Highlights & Insights¶
- "Simulation as a World Model" Concept: An elegant approach that doesn't modify the VLM or train new models, but equips the VLM with a "physical engine in the brain" at test time. This can generalize to any reasoning task requiring physical understanding.
- Auto-sim Construction from Single RGB-D: Significantly lowers the barrier to entry for simulation, allowing rapid deployment in new scenes. While accuracy is limited, "having a simulation" is better than "no simulation."
- Unified Rigid + Deformable Framework: The ability to handle both rigid and deformable manipulation is a first for VLM-based robotic methods.
Limitations & Future Work¶
- Simulation construction relies on depth information and segmentation models, which may be unreliable in outdoor or high-noise scenarios.
- Precision of VLM-estimated physical parameters (mass, friction) is limited; performance may suffer in tasks highly sensitive to these parameters.
- The sim-to-real gap remains, particularly regarding the simulation accuracy of deformable objects.
- High inference latency due to per-inference simulation construction and multiple rollout iterations.
- Currently limited to tabletop-level manipulation; scaling to complex long-horizon tasks (e.g., cooking, assembly) requires further research.
Related Work & Insights¶
- vs Code-as-Policies: CaP has LLMs output robot control code directly, lacking physical verification. SIMPACT provides a "sandbox" for predicting action consequences.
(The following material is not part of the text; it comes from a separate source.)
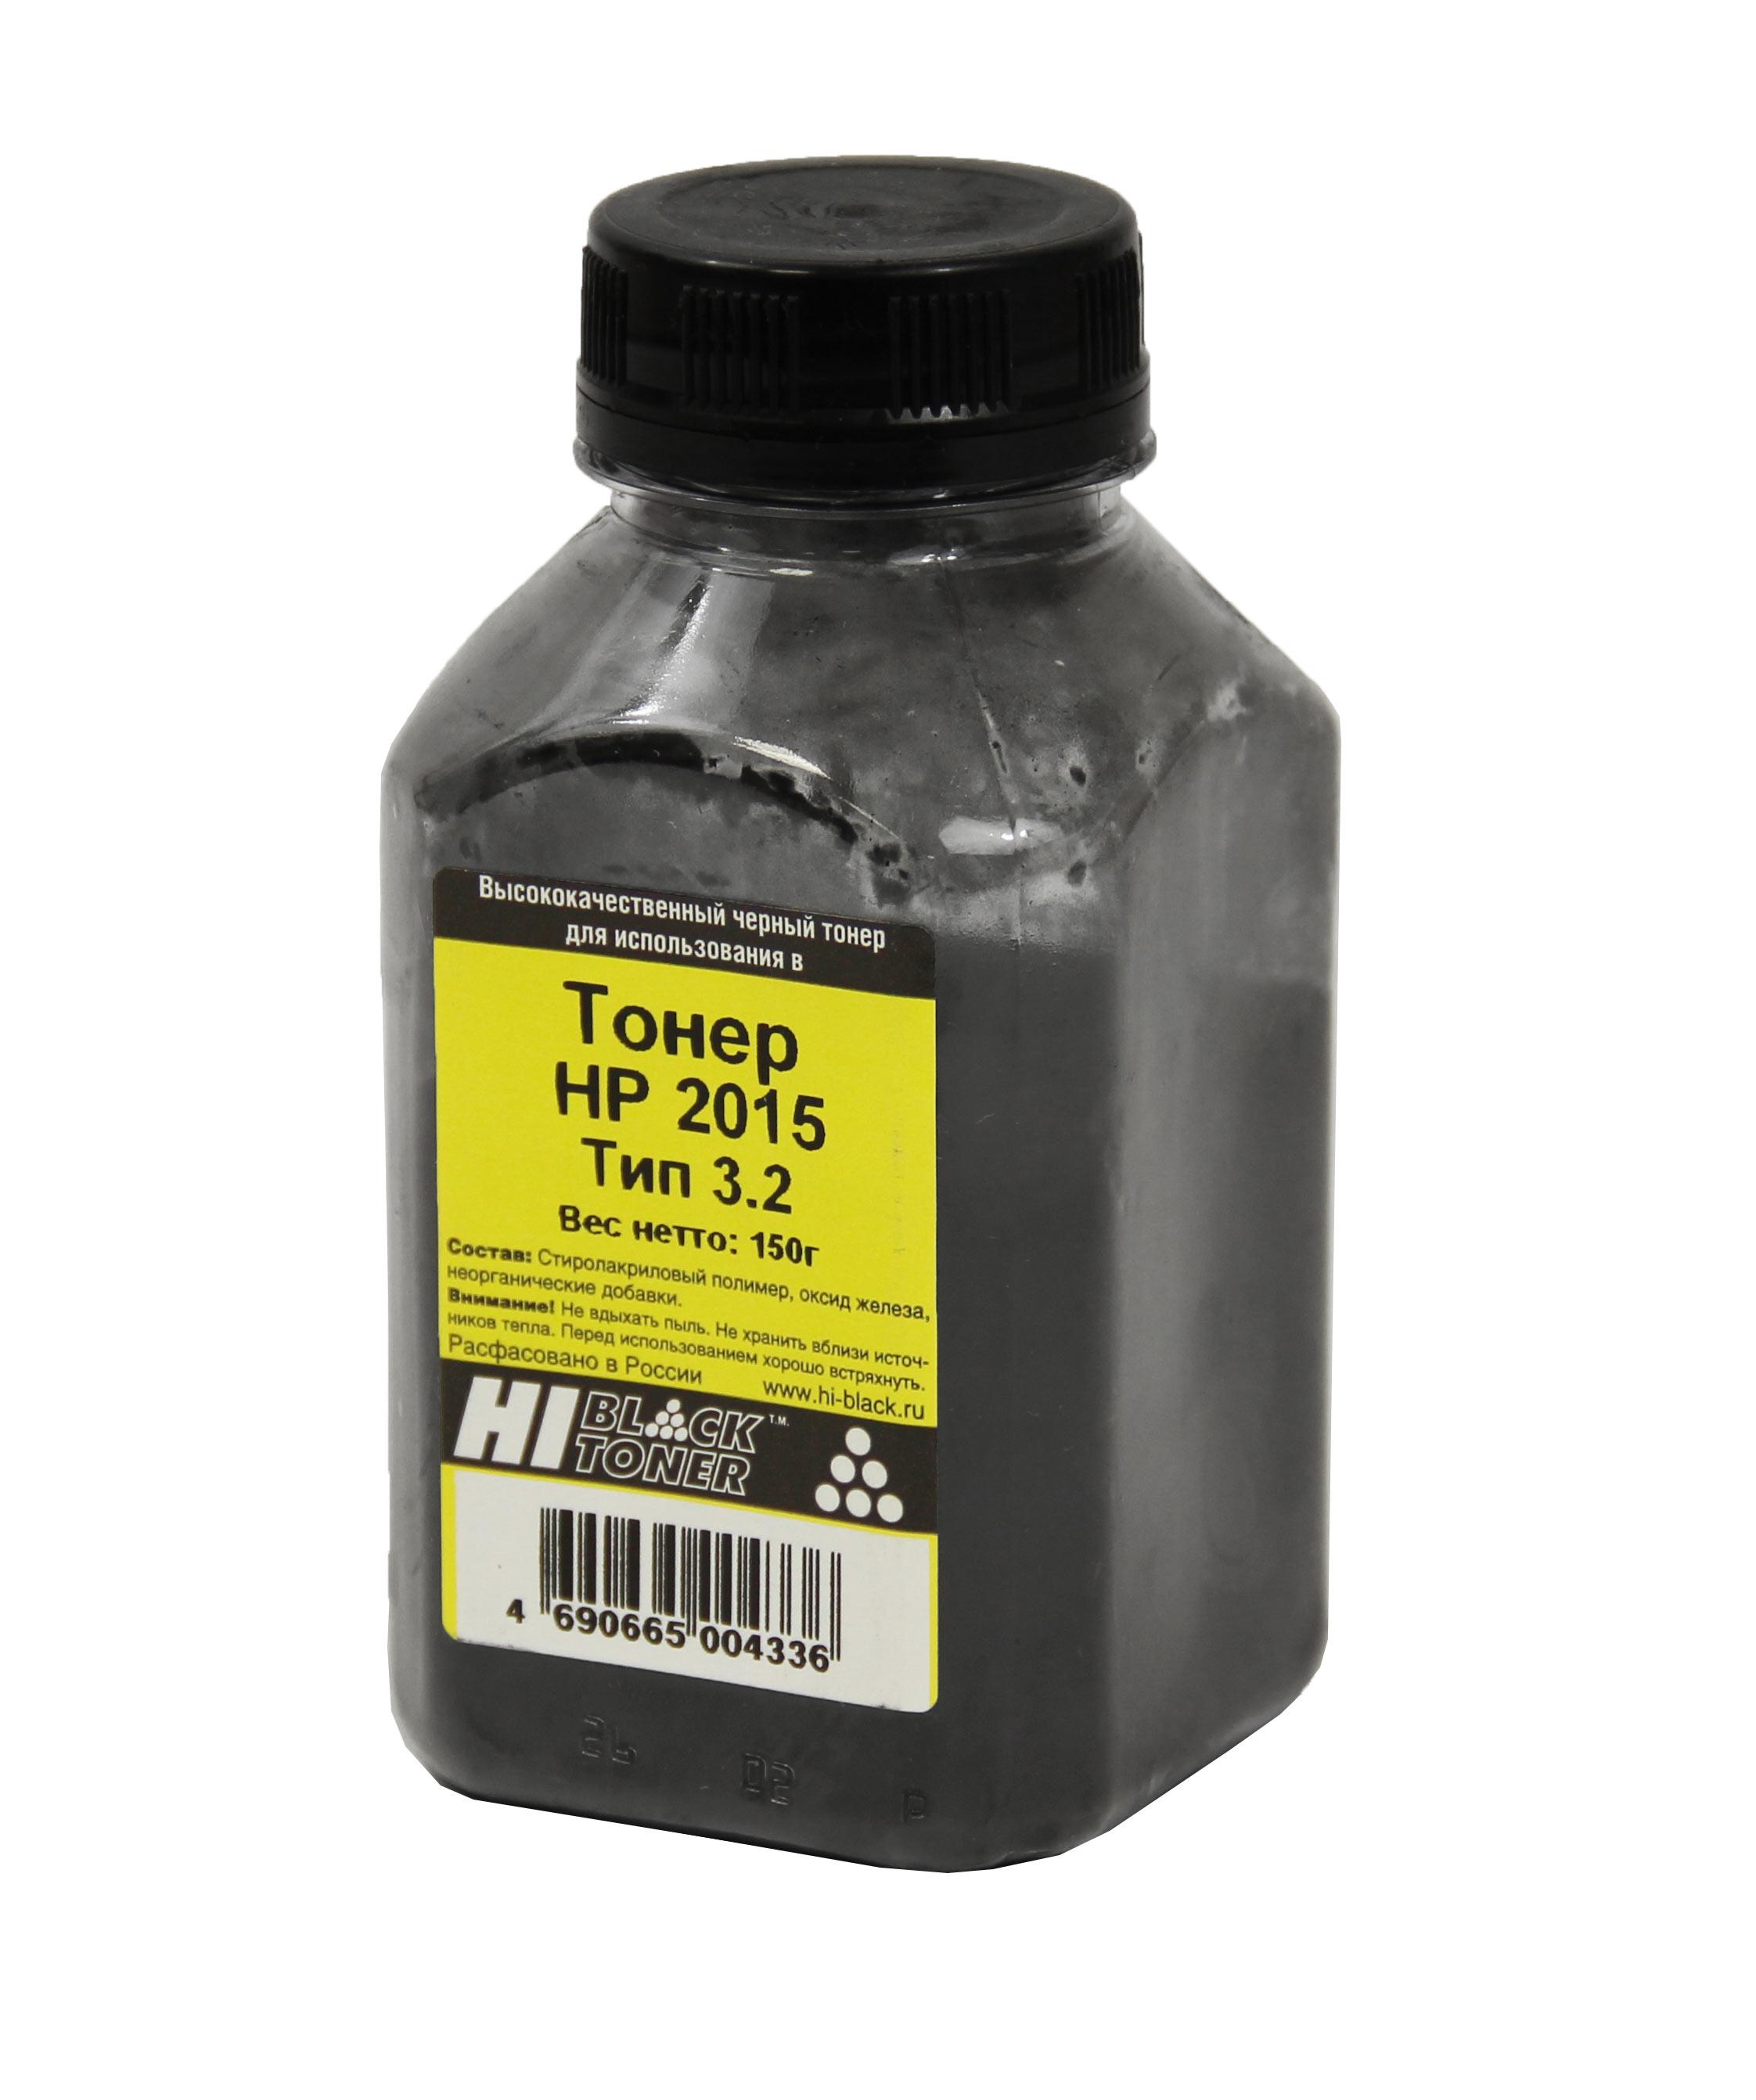 Тонер Hi-Black для HP LJ P2015, Тип 3.2, Bk, 150 г, банка
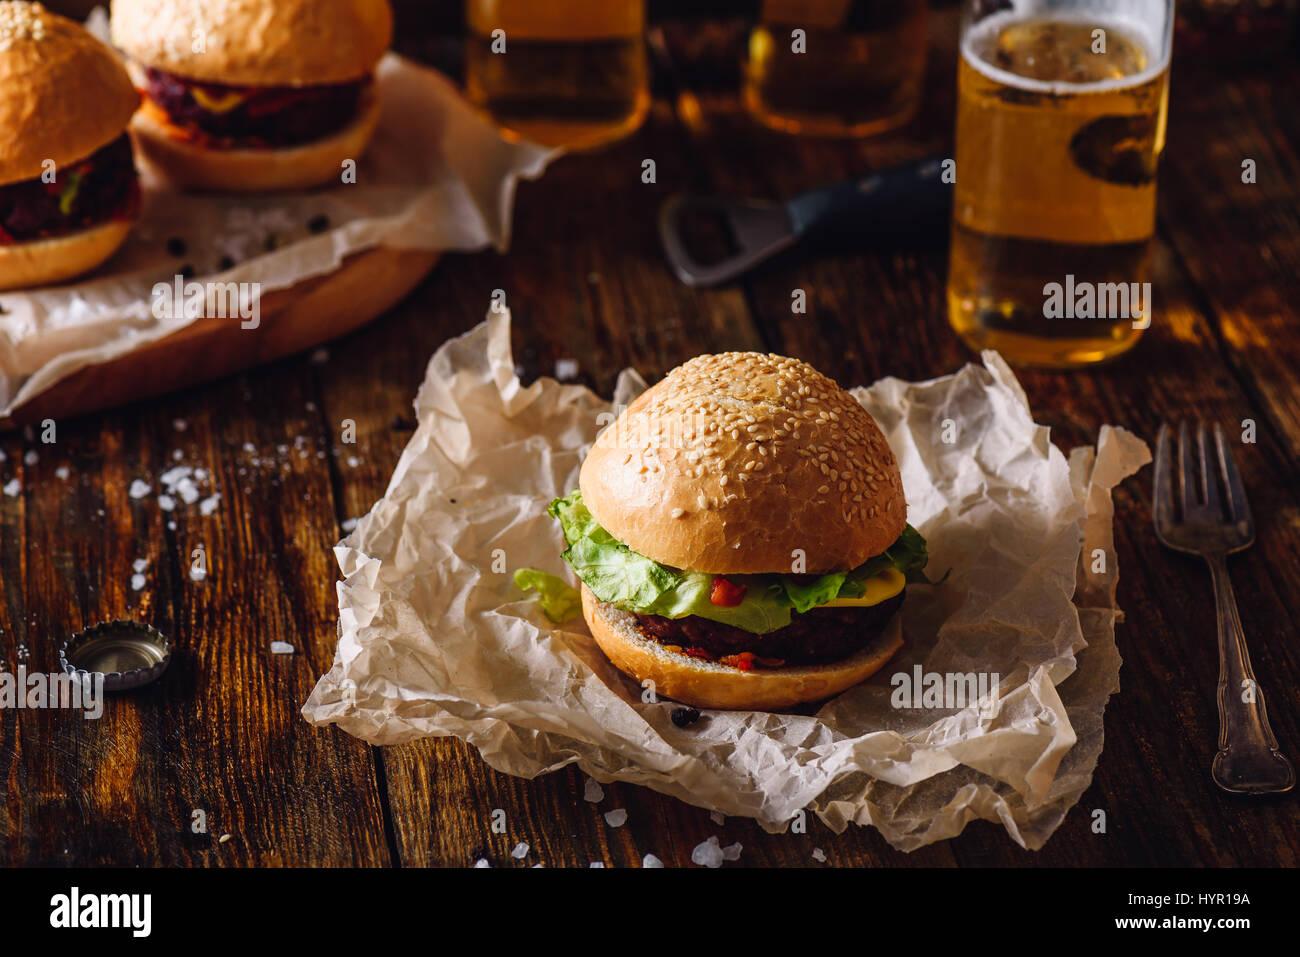 Hausgemachte Burger mit Bier. Stockbild

- vs VoxPoser: VoxPoser uses VLMs to generate value functions for planning but lacks explicit physical simulation. SIMPACT's simulation provides more accurate physical predictions.
- vs RT-2/Octo: These end-to-end methods require massive robot data for training. SIMPACT relies purely on pre-trained VLMs + simulation, requiring no extra training data.
Rating¶
- Novelty: ⭐⭐⭐⭐⭐ An elegant and novel approach to simulation-augmented VLM reasoning.
- Experimental Thoroughness: ⭐⭐⭐⭐ Validated on 5 real-world tasks including rigid and deformable objects with thorough robustness tests.
- Writing Quality: ⭐⭐⭐⭐ Clear method description and rich visualizations.
- Value: ⭐⭐⭐⭐⭐ Important insights for the VLM robotics field; the no-training requirement is a practical advantage.